Note: I have seen people suggest that if you can replace “in to” with “in order to”, you need the space. However, “in to” is NOT interchangeable with “in order to”. There are contexts in which “to” can be replaced with “in order to”. But if you have a verb phrase that includes “in” (e.g. gave in) followed by “in order to”, you would need to have the word “in” twice. If we continue with the example of the boy who gave in to peer pressure: “He gave in to avoid being bullied further” MEANS THE SAME AS “He gave in in order to avoid being bullied further.” In both cases, the “to” is the beginning of the infinitive. If you had replaced “in to” with “in order to” the meaning would change. If you say “He gave in order to avoid being bullied further”, it would mean the boy gave something to someone for the purpose of avoiding further bullying. What he gave is not specified, but it was possibly his lunch money, or the answers to his homework. Giving to avoid bullying DOES NOT MEAN THE SAME AS giving in to avoid bullying. He might be giving in to the pressure to take drugs or to steal something. (In those cases, “giving in” is not only not the same as giving, but actually means taking.) So “in to” cannot be replaced by “in order to”, but if the “to” can be, you know you need the space.

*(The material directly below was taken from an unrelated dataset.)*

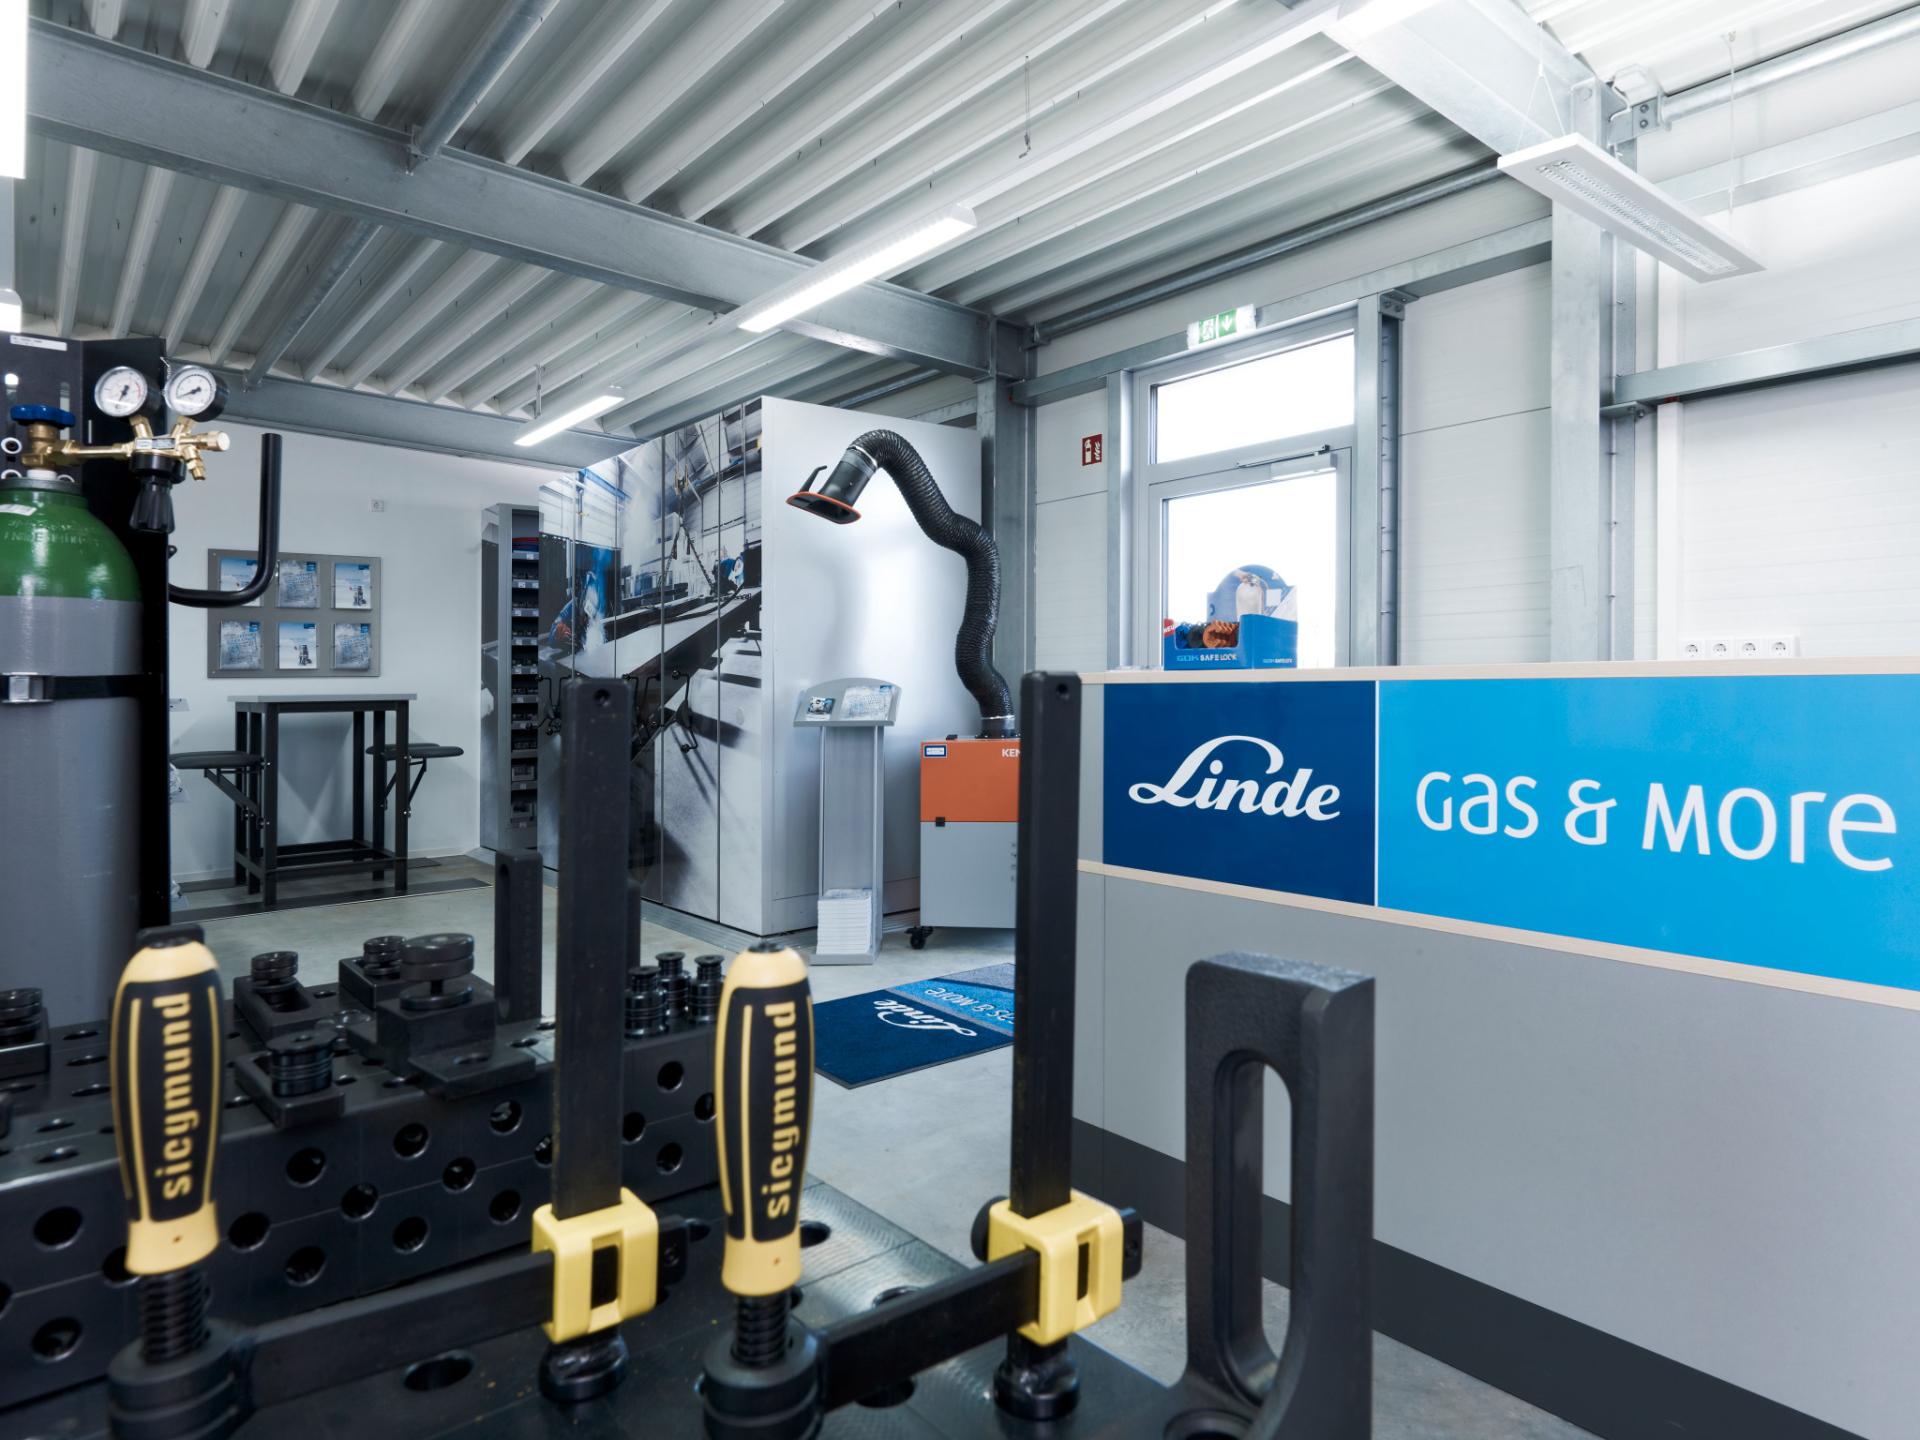 Linde Gas & More: Aktuell vakante Standorte

I know this is a bit of a brain twister. Please ask any questions you have, and let me know what I need to say more clearly.
The expression “free rein” originated with horsemanship, and literally meant that the horse was free from the control of the reins. Use in broader senses followed. “Free reign” became a common substitution, I expect because people weren’t familiar with horsemanship. I’m not sure what “free reign” would really mean. I don’t think royalty pays for the privilege of ruling a kingdom. “Free rain”, well, I think rain is free for everyone.
“To rein in” means to subdue or to control or to limit. “To reign in” would be followed by a place where royals reside and hold power. “To rain in” might be used in a weather report if you are about to say, for example, that precipitation is beginning in a particular place. It is beginning to rain in London.
“To take over the reins” means to take over the leadership of something, but not necessarily the royal throne. “To take over the reigns” would require more than one royal to die or abdicate and leave an empty throne to be filled. “To take over the rains”—I don’t think that’s a thing.
If someone asks if you want to take the stairs or the elevator, saying you’ll take the ladder will probably confuse them.
The term “ladder” can also be used metaphorically–to climb the corporate ladder or the ladder to success, for example. Whereas a physical ladder allows one to climb up and down, most people don’t want to go down a metaphorical ladder.